#### [WHAT YOU HAVE TO DO]
If pictures appear, leave them out, and return exactly the lines from the one holding "The GoPro Fetch" through the last line of the listing below.

##### THE DATA

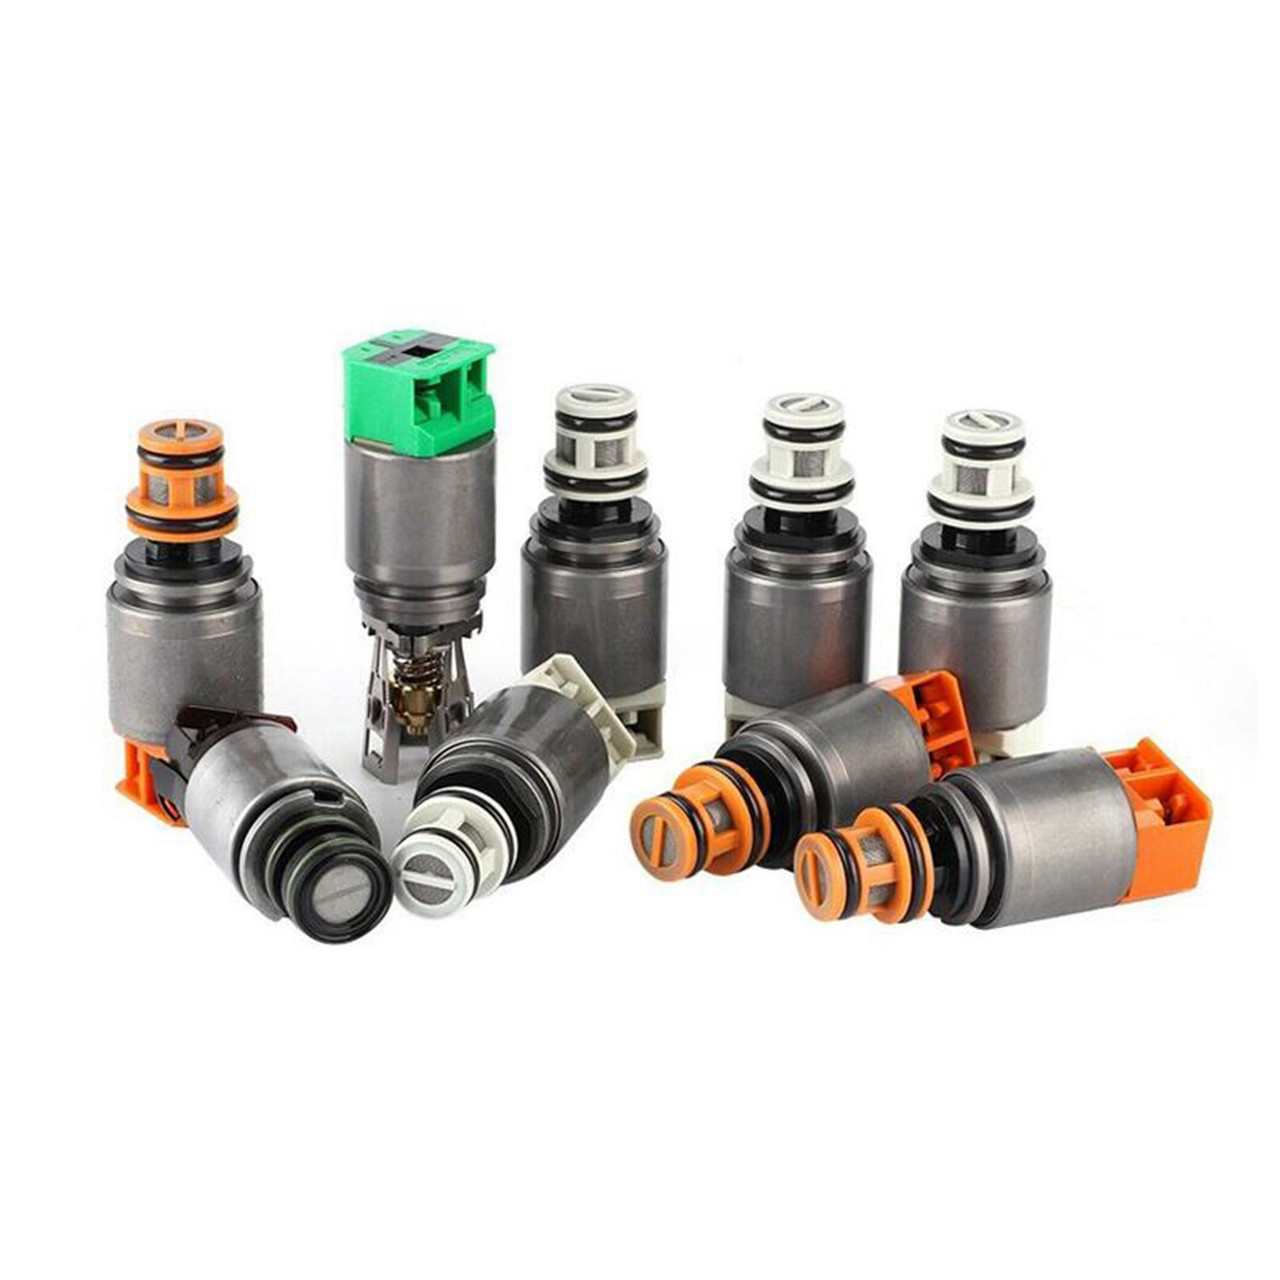 8HP45 8HP70, 8HP90 Solenoid Kit for BMW 8 Speed Mechatronics 1087 298 388
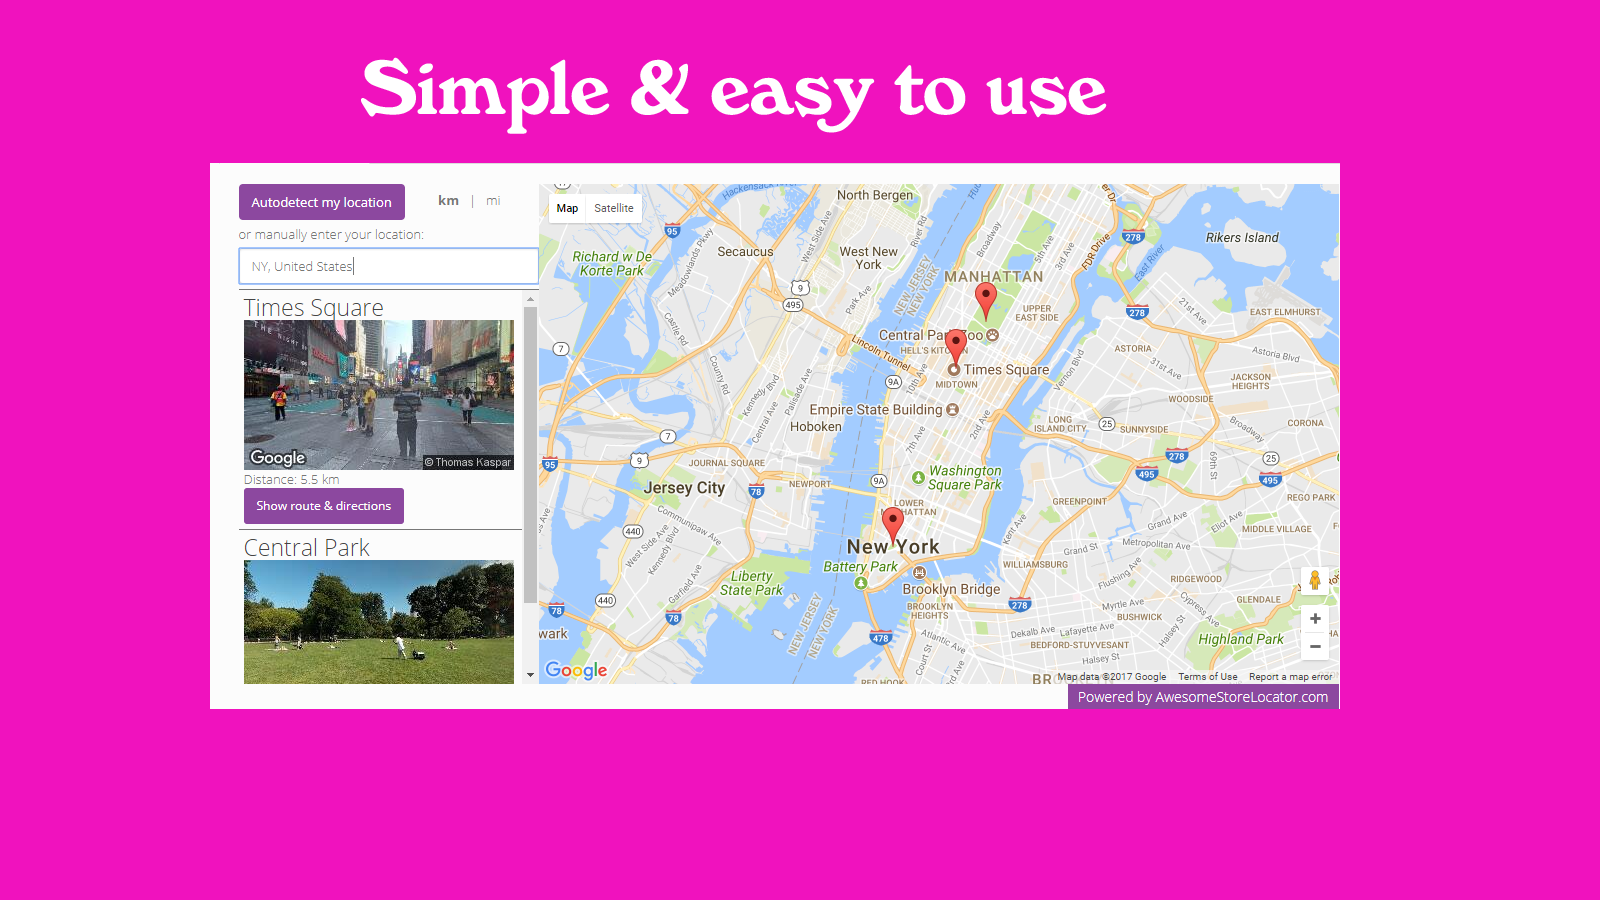 Simple store locator, very easy to use
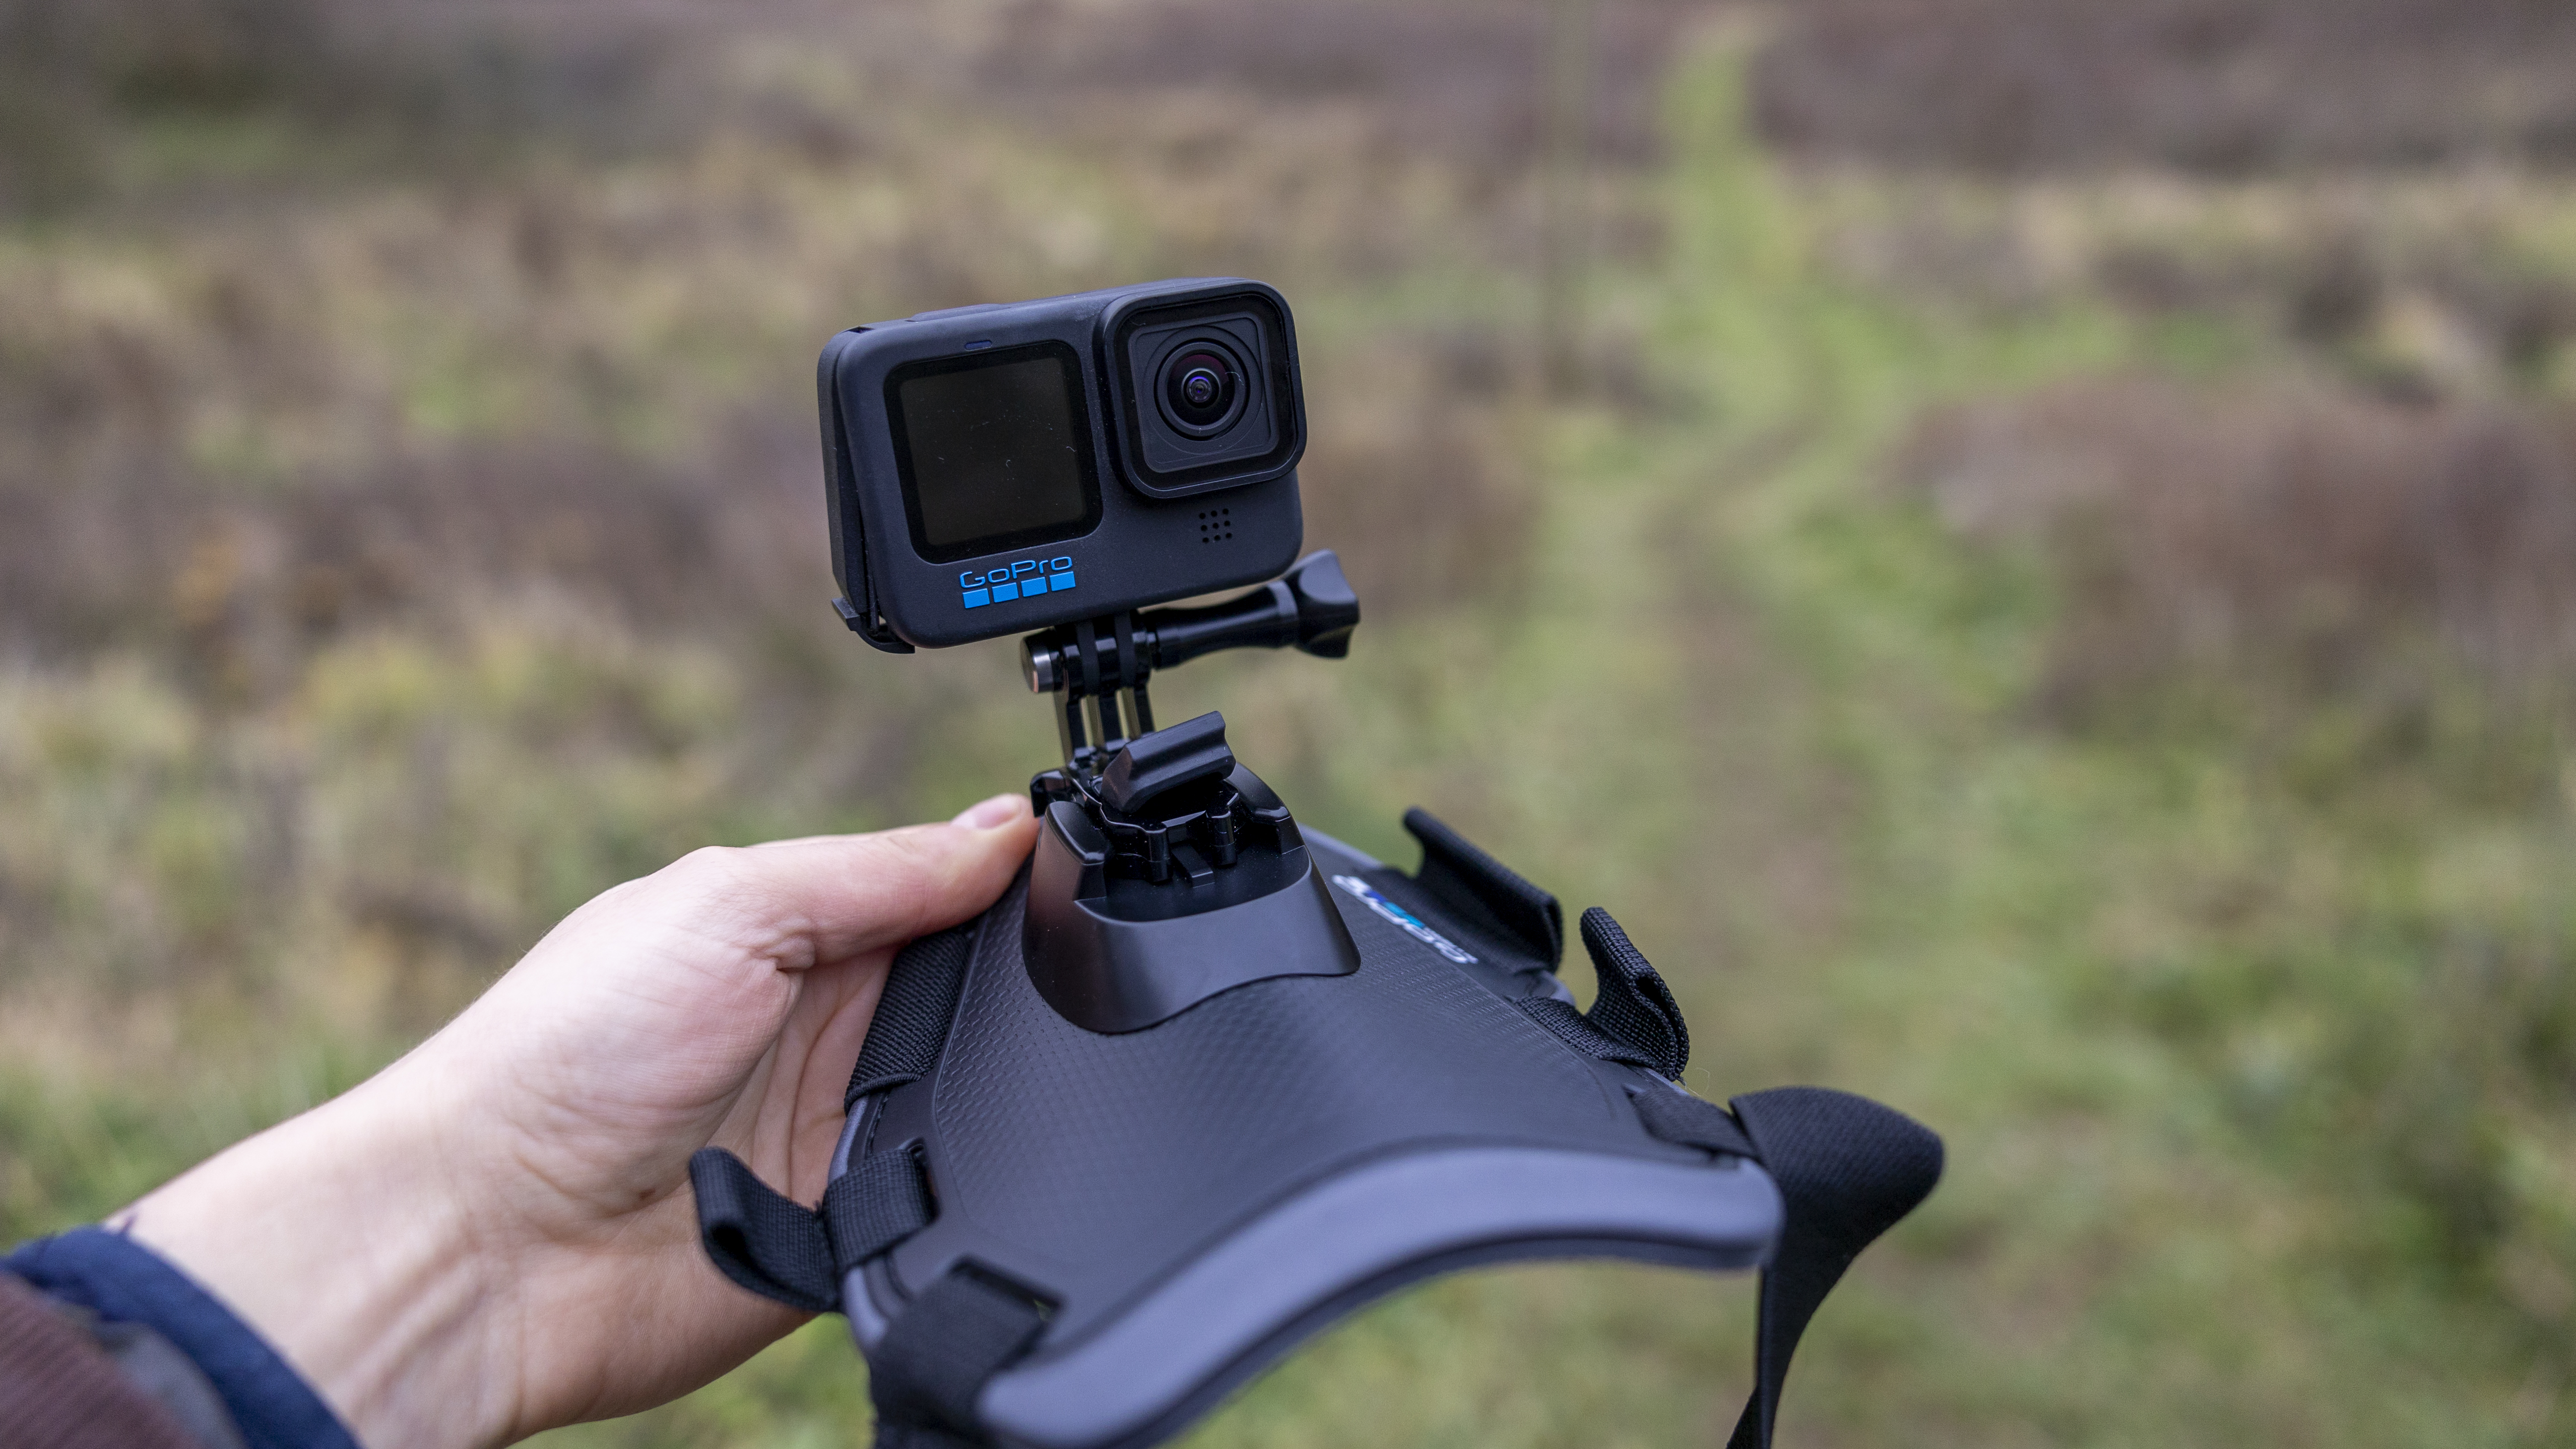 The GoPro Fetch Harness held in a woman's hands
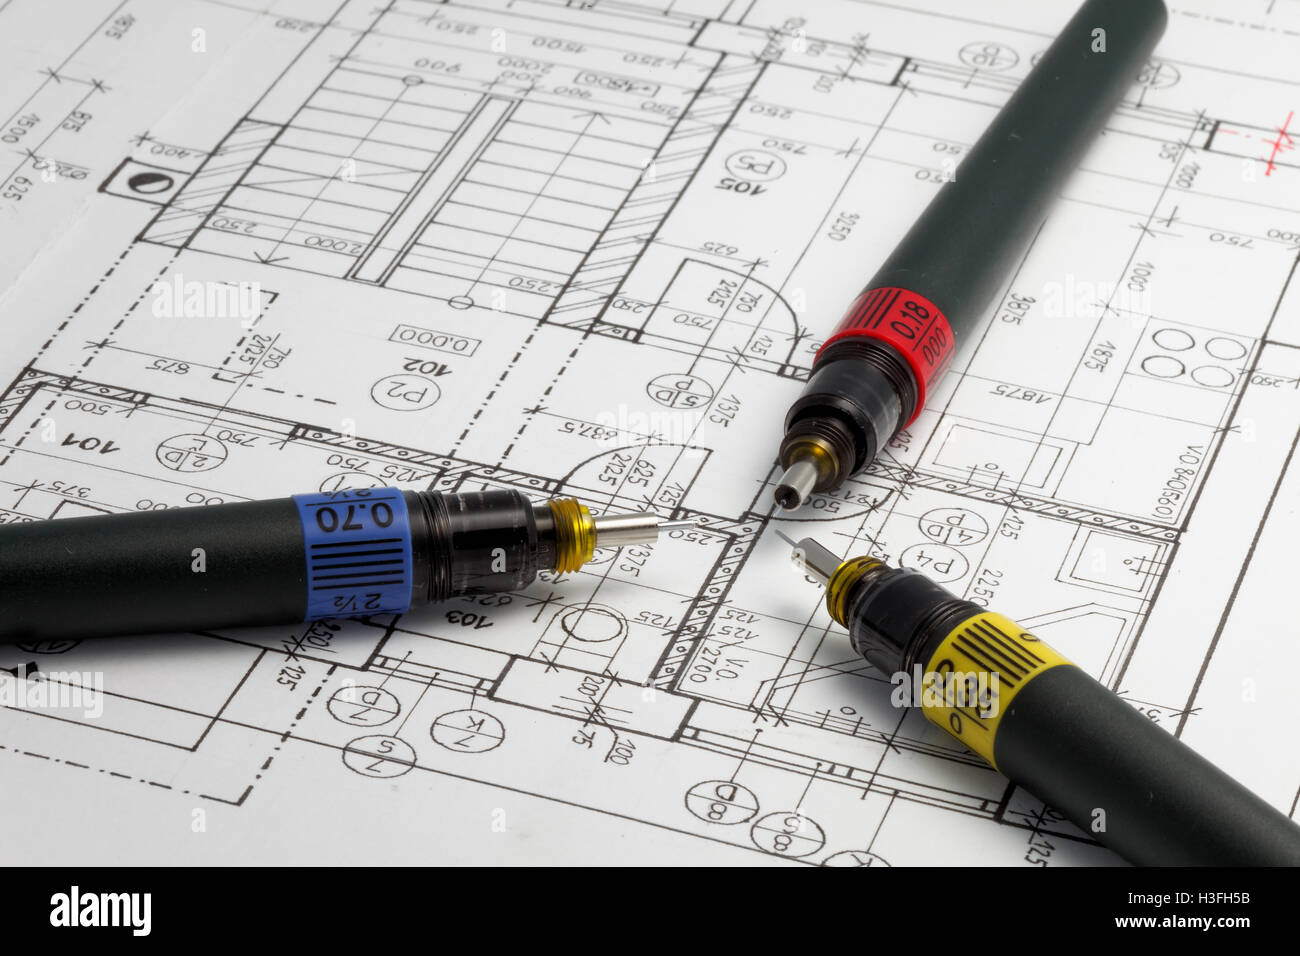 Three basic thicks of special pens for architect on an architect plan. Stock Photo

##########

#### [EXERCISE OUTPUT]
 The GoPro Fetch Harness held in a woman's hands
 Three basic thicks of special pens for architect on an architect plan. Stock Photo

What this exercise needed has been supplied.